Specifically you should define a simple mutex data structure and implement three functions that: 1) initialize the mutex to the correct initial state (void thread_mutex_init(struct thread_mutex *m)), 2) a funtion to acquire a mutex (void thread_mutex_lock(struct thread_mutex *m)), and 3) a function to release it void thread_mutex_unlock(struct thread_mutex *m).

Mutexes can be implemented very similarly to spinlocks (the implementation you already have). Since xv6 doesn't have an explicit yield(0) system call, you can use sleep(1) instead.

Extra credit (15%): Conditional variables

While spinlock and mutex synchronization work well, sometimes we need a synchronization pattern similar to the producer-consumer queue we've discussed in class, i.e., instead of spinning on a spinlock or yielding the CPU in a mutex, we would like the thread to sleep until certain condition is met.

POSIX provides support for such scheme with conditional variables. A condition variable is used to allow a thread to sleep until a condition is true. Note that conditional variables are always used along with the mutex.

You have to implement conditional variables similar to the once provided by POSIX. The function primarily used for this is pthread_cond_wait(). It takes two arguments; the first is a pointer to a condition variable, and the second is a locked mutex. When invoked, pthread_cond_wait() unlocks the mutex and then pauses execution of its thread. It will now remain paused until such time as some other thread wakes it up. These operations are "atomic;" they always happen together, without any other threads executing in between them.

 
struct q {
   struct thread_cond cv;
   struct thread_mutex m;
 
   void *ptr;
};

// Initialize
thread_cond_init(&q->cv);
thread_mutex_init(&q->m);

// Thread 1 (sender)
void*
send(struct q *q, void *p)
{
   thread_mutex_lock(&q->m);
   while(q->ptr != 0)
      ;
   q->ptr = p;
   thread_cond_signal(&q->cv);
   thread_mutex_unlock(&q->m);
}

// Thread 2 (receiver)

void*
recv(struct q *q)
{
  void *p;

  thread_mutex_lock(&q->m);

  while((p = q->ptr) == 0)
    pthread_cond_wait(&q->cv, &q->m);
  q->ptr = 0;

  thread_mutex_unlock(&q->m);
  return p;
}

To test your solution, develop a small queue example like above and submit it along with your extra credit solution.

Extra credit (5%): Semaphores

Conditional variables can be used to implement semaphores (if you are still confused about semaphores read about them here: Semaphore (programming)).

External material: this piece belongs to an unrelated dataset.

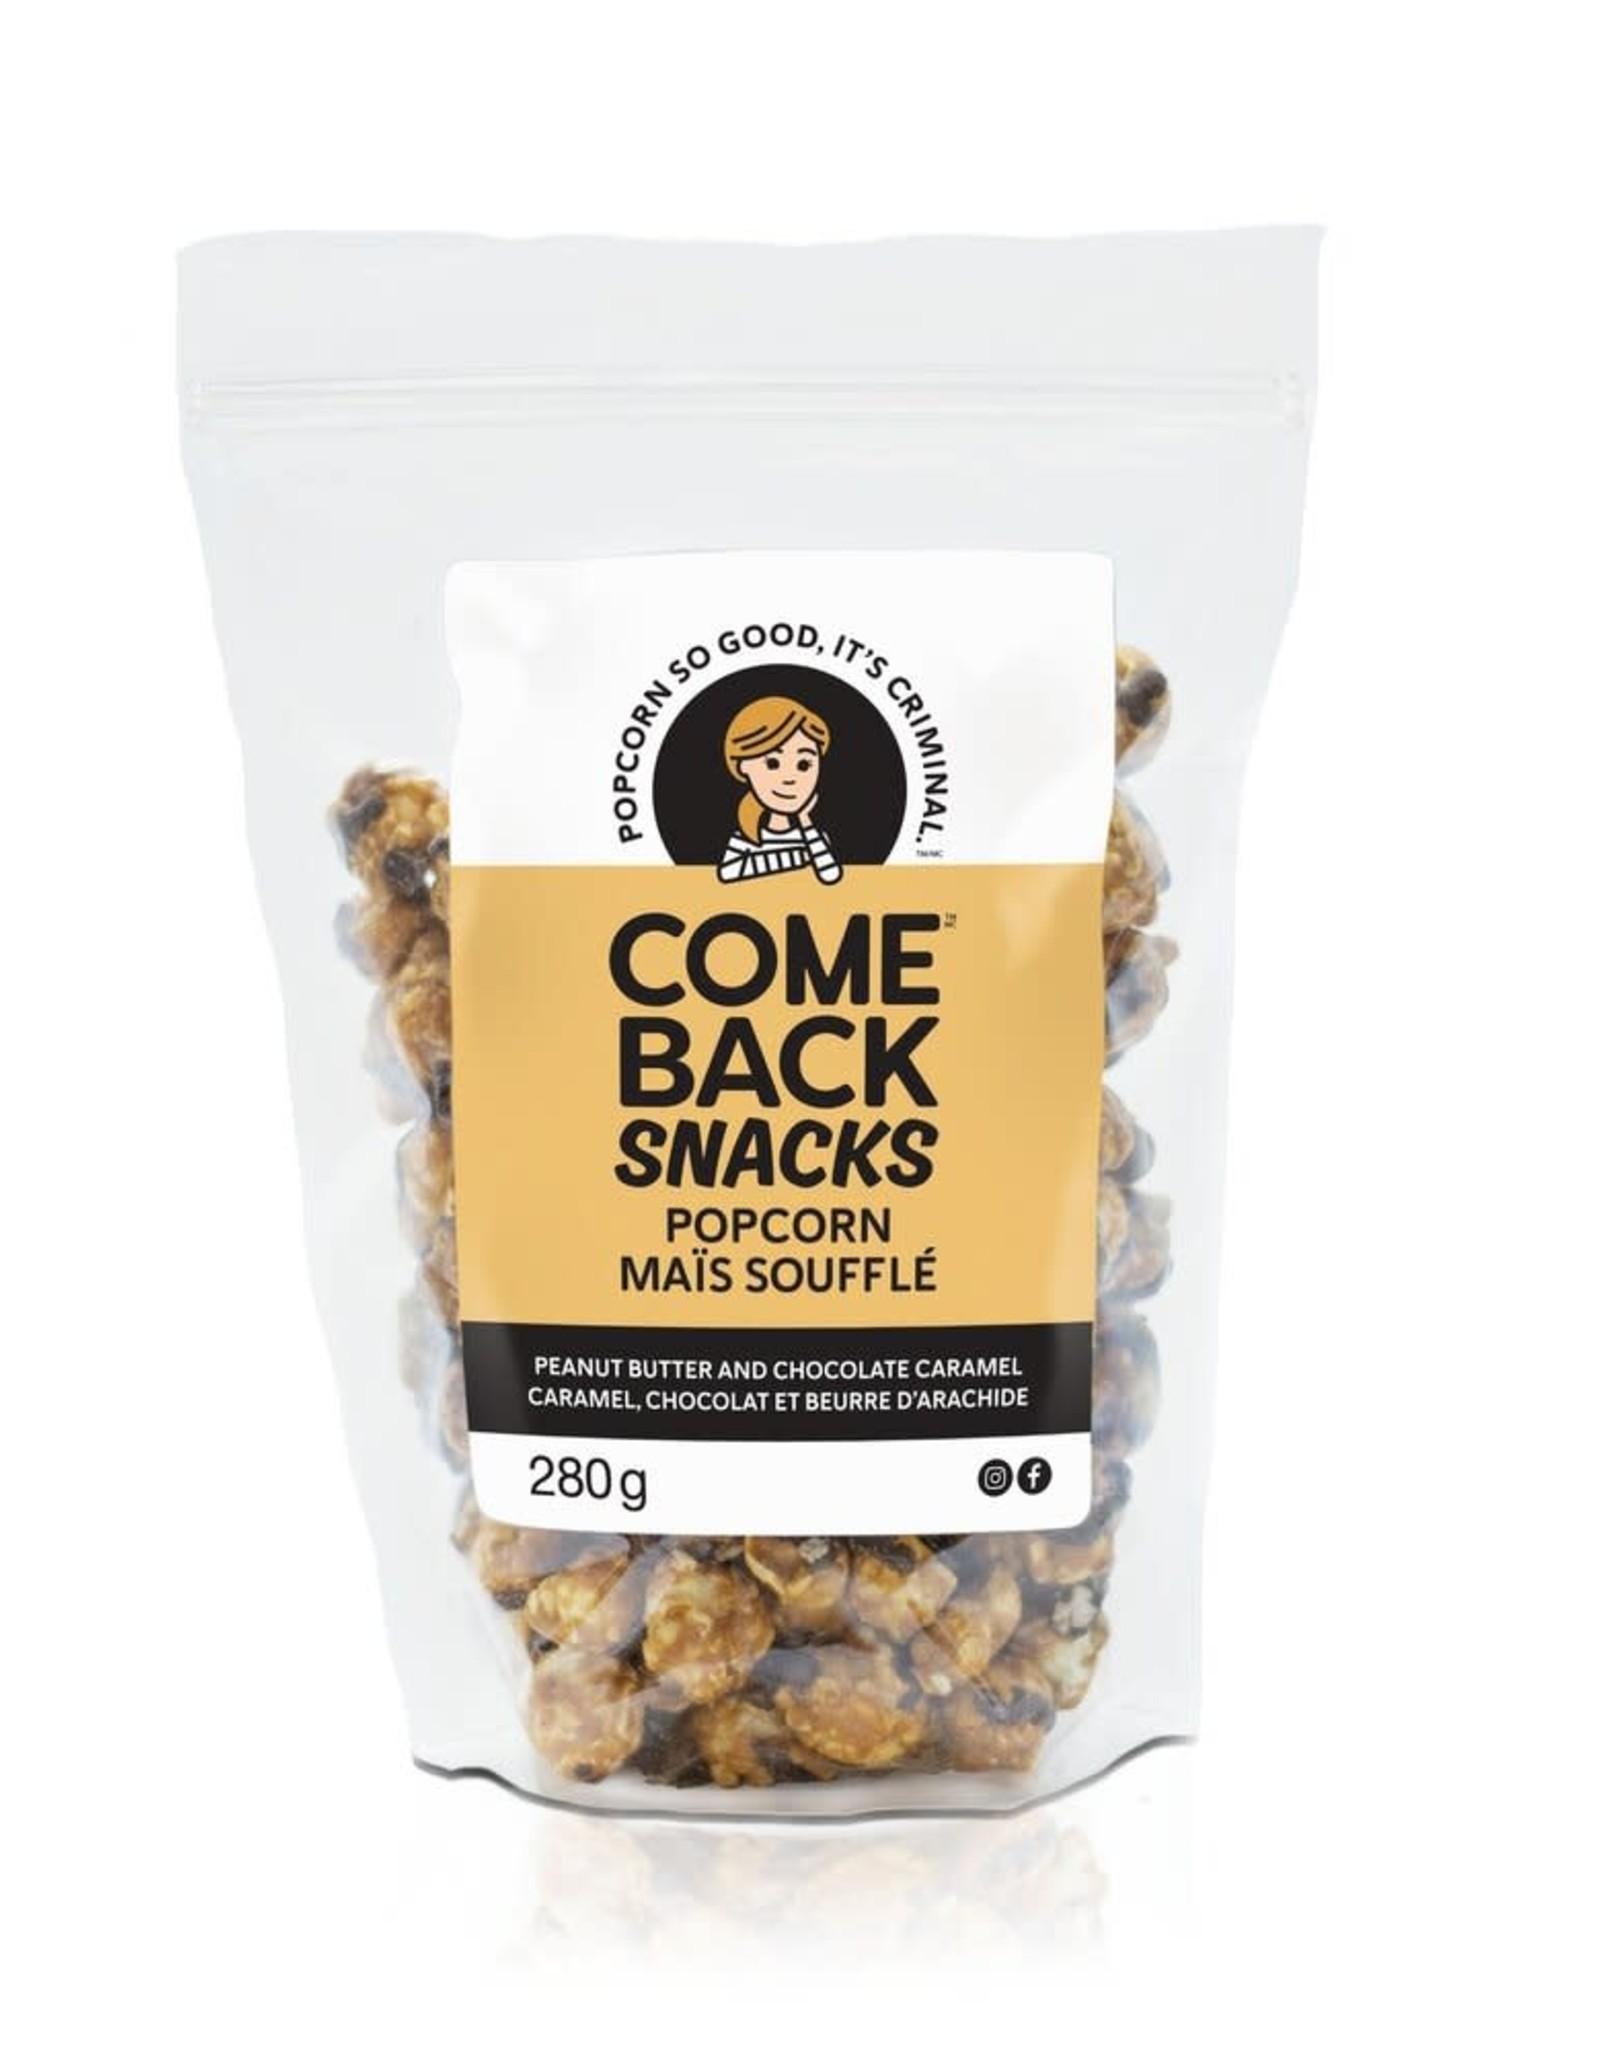 Comeback Snacks Peanut Butter and Chocolate Caramel Popcorn

The implementation of the semaphore is trivial and you can read up on it here and implement it in a similar manner: Condition Variables.

Implement semaphores and the producer consumer queue of N elements in which access to the queue is controlled with semaphores like described here: Semaphore (programming).

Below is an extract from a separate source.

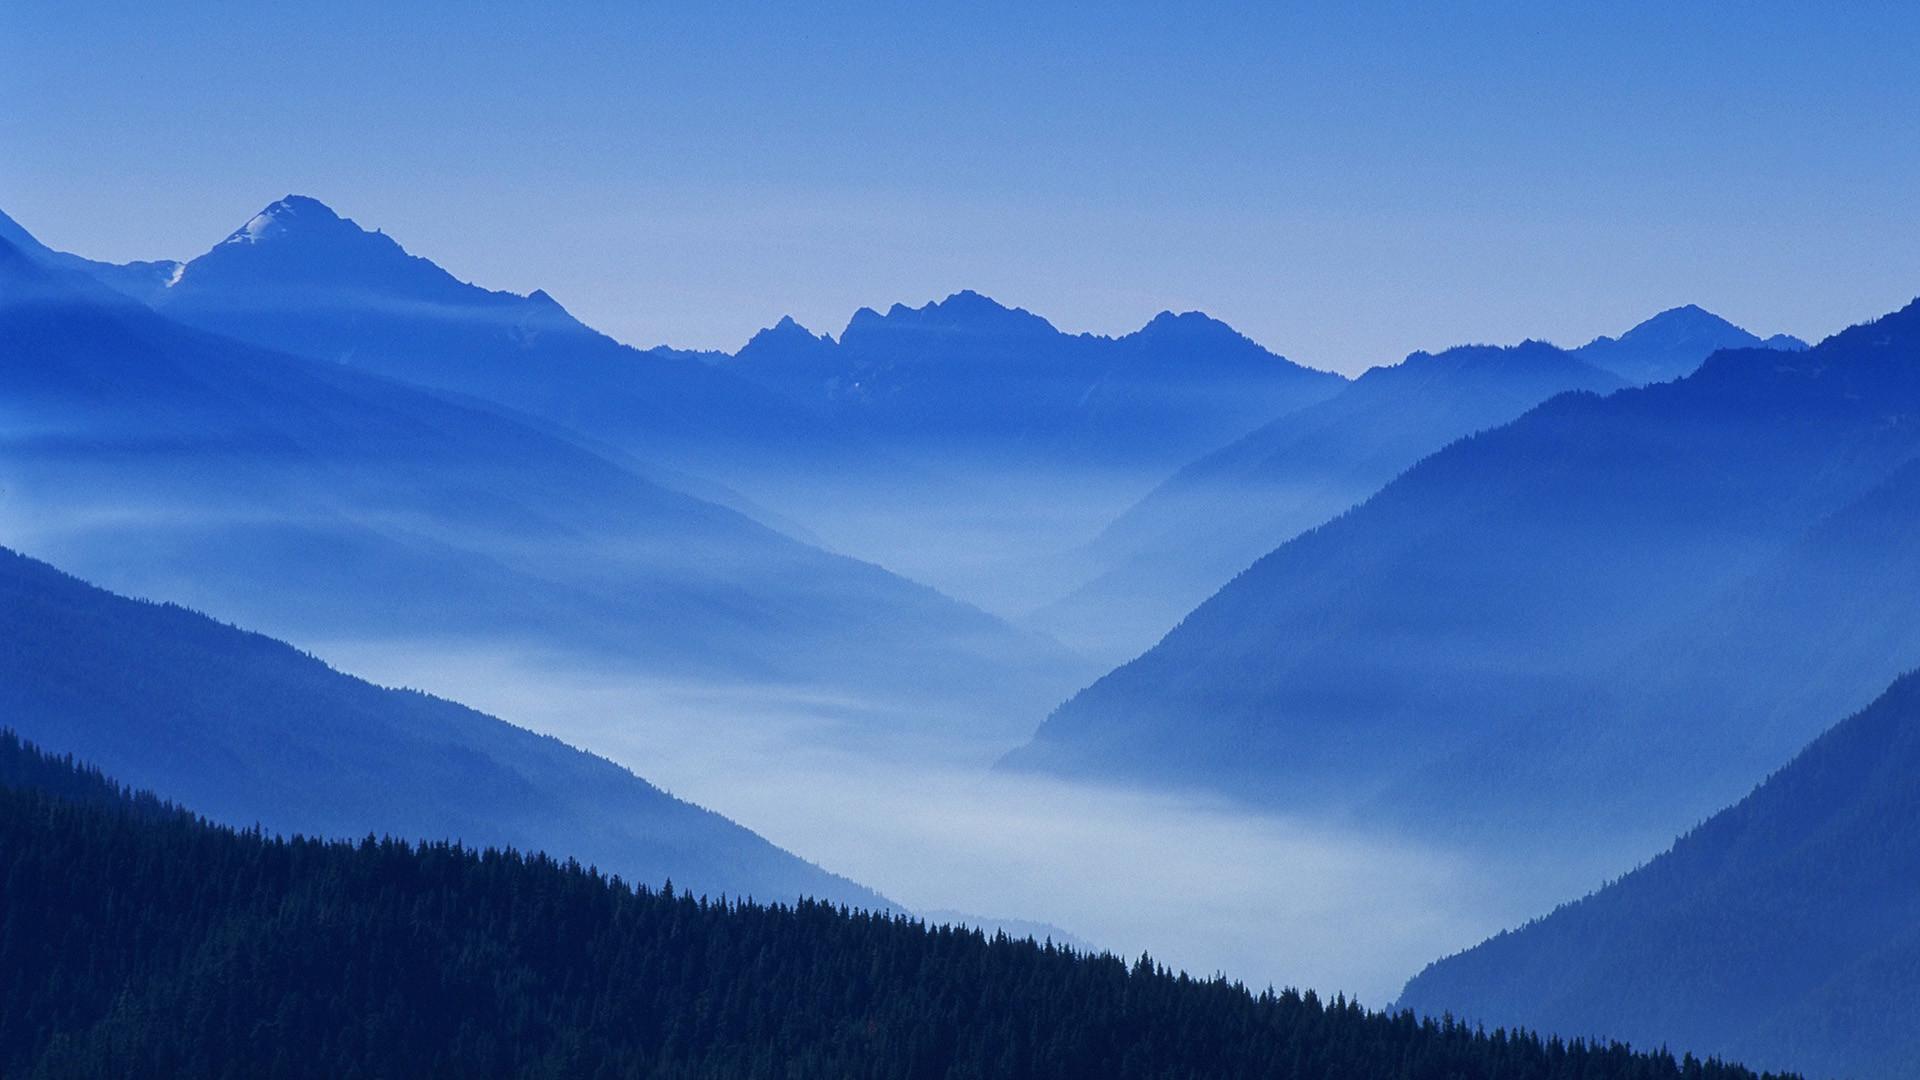 4K Mountain Wallpaper – WallpaperSafari

Extra credit (10%): Fix sbrk() and malloc()

Threads of the same process can grow the address space of the process in parallel by calling sbrk(). Obviously this will result into an inconsistent page table. Unless you've already done this, analyze the code path of sbrk() through the kernel and see what needs to be changed to grow an address space in a multi-threaded process correctly.

Similar atomicity problem exists in malloc(). If threads of the same process use malloc() concurrently it will result in an incorrect state of the malloc data structures. Fix this, making sure that processes can use malloc() correctly.

To test your solution, develop a small program that creates multiple threads and uses sbrk() and malloc() concurrently and submit it along with your extra credit solution.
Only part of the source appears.